I have been in a relationship with a girl for about 6 months. Everything has been great between us, but she has had many personal problems that she has had to deal with during that time. Mostly related to money.
We work at the same place, but different departments. I make much more than she does, and I have offered to help her many times because she means alot to me, but she has always turned down my help bease she didn’t want to be a pRobles for me.
A few weeks ago she told me about alot of new problems that came up, and I was worried about her, and if she was going to be ok. She made it sound like there was no way out of a bad situation. Eventually she didn’t want to talk to me about it anymore because she didn’t want to be a burden on me, and I just wanted to help in any way I could.
I was so worried, and felt like I had to do something, and I made the mistake of saying something to her manager about it. At the time it seemed like a good idea, because I know she really respected him and has confided in him about a lot of personal things in the past, but she saw it as me breaking her trust in something she told me in confidence. I’ve tried to appoligize, but she doesn’t want to talk to me about it. I know I did something stupid, but I wasn’t thinking clearly. All I did was worry constantly about what would happen to her and her kids, and in the fog of it all I had horrible judgment, and made a stupid choice despite my good intentions. Is there anything I can do to rebuild her trust in me? Even if she doesn’t want to be in a relationship, I really just want her to know that I never meant to hurt her, but I was just going crazy with worry, and I wasn’t thinking clearly, so I made a bad decision.
[I can’t think of any way to respond that’s not blunt, so here it goes:
What the fuck were you thinking? She confided in you about her personal problems, and you went and talked to her manager about them?
No wonder she never wants to talk to you about anything. You seem unable to keep a personal matter … you know, personal. Obviously, I don’t know what her problems are (and no, I don’t want to know), but I can’t even comprehend how it could ever be something that warrants you talking to someone she works with. It is NOT your place to go over her head like this.
I honestly don’t know if you can mend the relationship at this point. But if it is important to you that she understands you were coming from a place of concern, this is all you can really say to her at this point:
“I’m so sorry. I know I’ve broken your trust, so I won’t ask you about anything personal ever again. Nor will I ever reveal any personal information about you ever again. I do care about you, though, and maybe one day, you’ll feel comfortable confiding in me again.”
And then stop trying to help her when she’s made it clear she doesn’t want your help.
[(I’m afraid this is going to be blunt, because there is a lesson to be learnt here.)
Quite frankly, there is nothing YOU can do to ‘rebuild’ her trust.
This isn’t a mailbox you knocked down, this is a delicately balanced set of emotions that you stomped all over in your attempt to be a White Knight. And, if you look honestly at yourself, you’ll see that that is just what you were trying to be. Her rescuer. Problem is, she proved to you, by repeatedly refusing your offers of financial aid, that she did not want you to rescue her.
Regardless of this, you saddled up and went behind her back and tried to rescue her anyhow.
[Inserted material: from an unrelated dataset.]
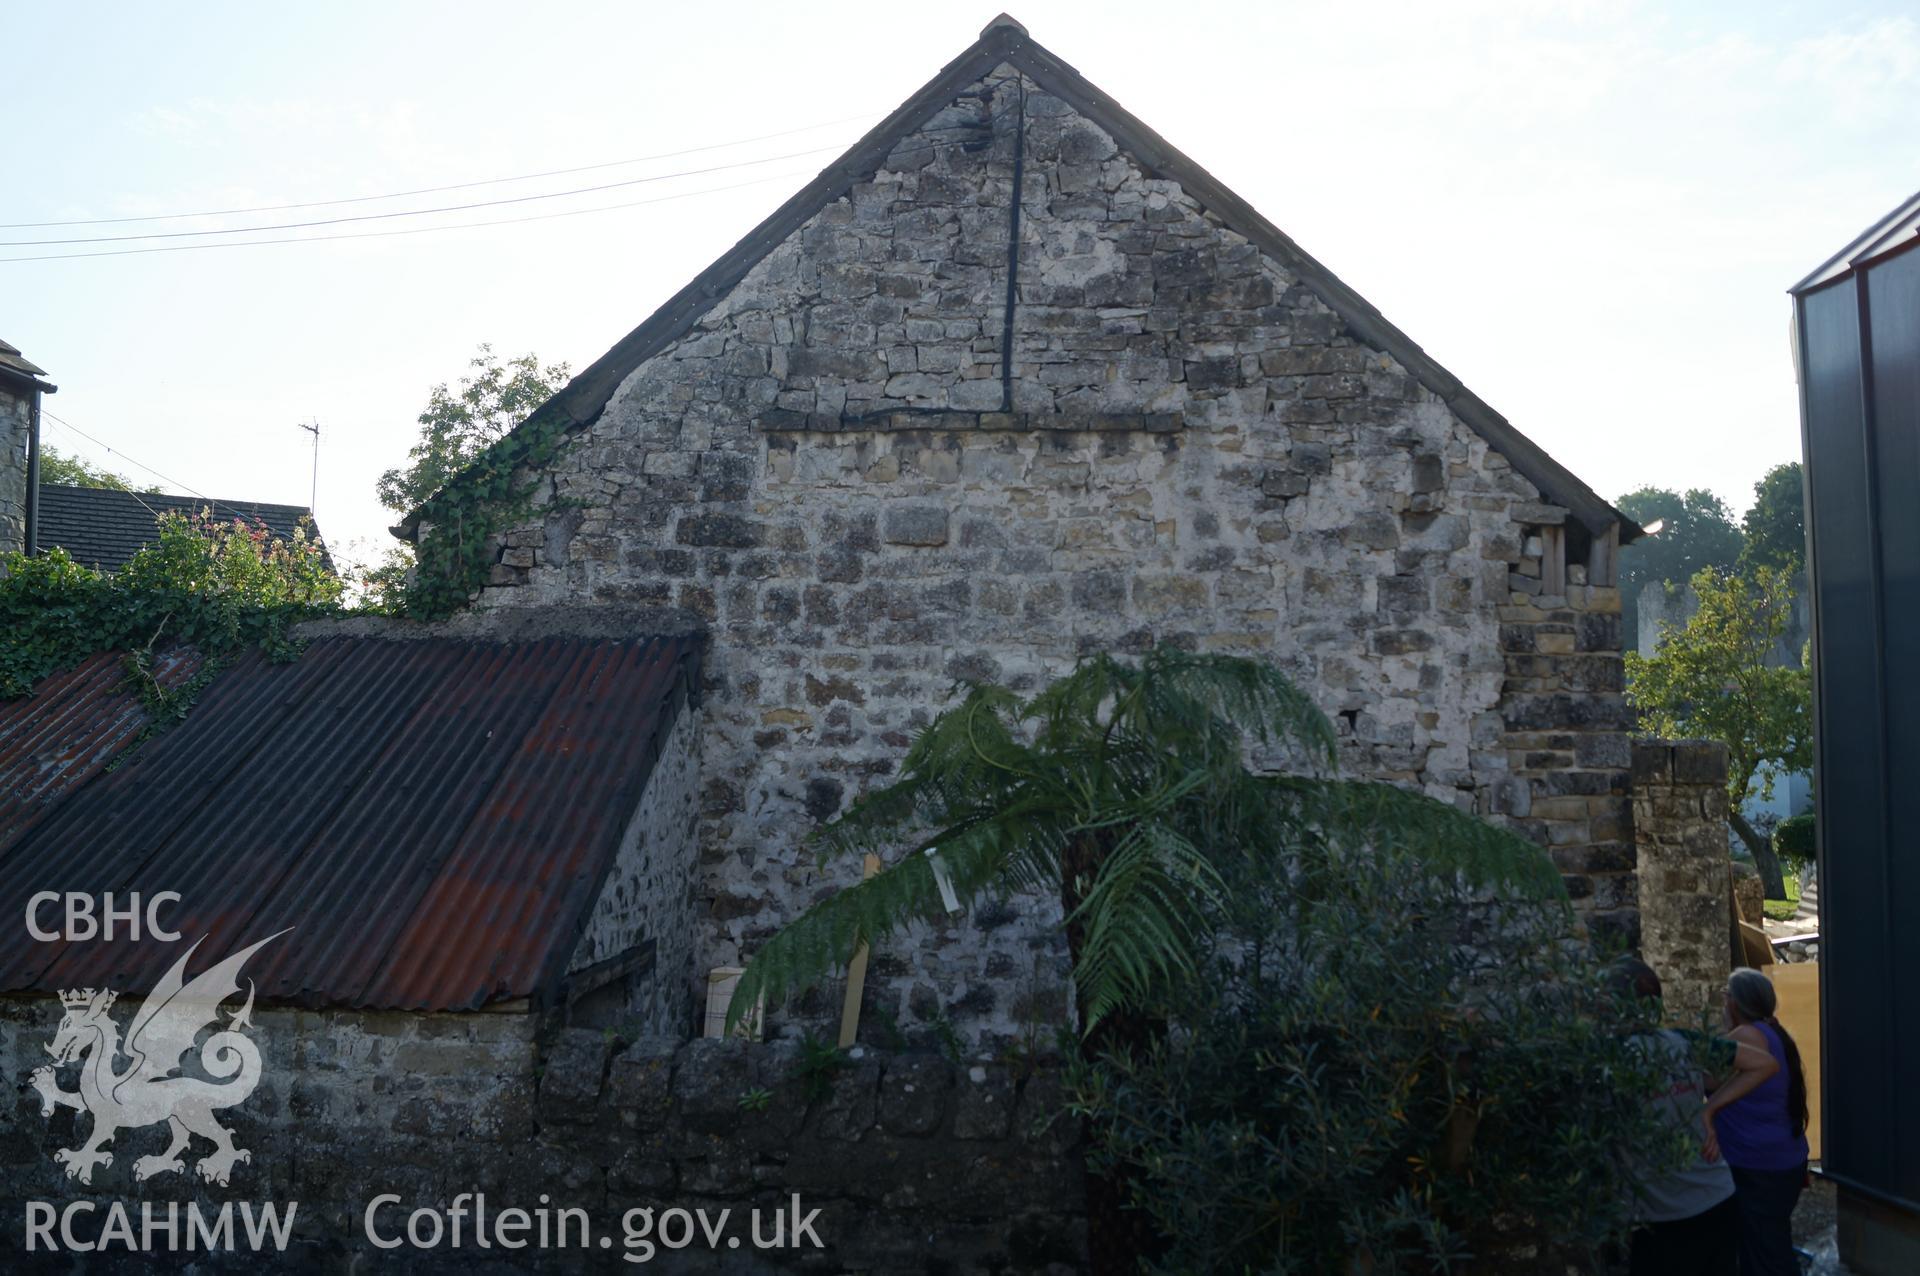 View 'looking west southwest at the eastern gable of the barn with former pigsty and yard in the foreground' at Rowley Court, Llantwit Major. Photograph & description by Jenny Hall & Paul Sambrook of Trysor, 7th September 2016.

And not in some quiet fashion, but by approaching her manager, a person in charge of her employment. (Imagine for a moment, if you will, that your Mommy turned up at your job and demanded a pay rise for her little boy because he does such a good job. Not dissimilar to what you did.) Obviously, because she has/had a good relationship with this supervisor, the manager was not part of the problem. Besides which, you don’t know what she has told the manager about her personal situation.
Also, you mentioned children, this means that she is at least nominally an adult. An adult that after knowing for six whole months, you decided didn’t know her own mind and business well enough to not need your interference.
You embarrassed her with a supervisor, possibly tarnishing his image of her competency, you’ve cast doubts on her ability to take care of her children and you have more than shown that how she feels about her personal, private life remaining that way matters not one jot.
I’d say that the best you can do is apologize, then leave her alone. Just butt out. There is no explaining this away, no magic words, no fixes. Apologize so that at least you feel better, because she won’t.
[Yeah, I’m going to have to agree with the posters up there.
You didn’t accidentally do something that made her question her trust in your. You deliberately went out of your way to tell someone else about her problems. Not only that, but you told someone that has to work with her! Even if she doesn’t lose her job, you have completely undermined any professionalism she may have developed at her job. Her boss will never be able to think of her the same.
On a related note, your (ex)girlfriend seems to have problems that you shouldn’t be trying to solve on your own. She shouldn’t be dumping all this crap on you, and she seems to have a LOT of it. She needs to get some help, for the sake of her and her children.
Apologize to her, tell her why you’re concerned, and urge her to talk to someone that can help.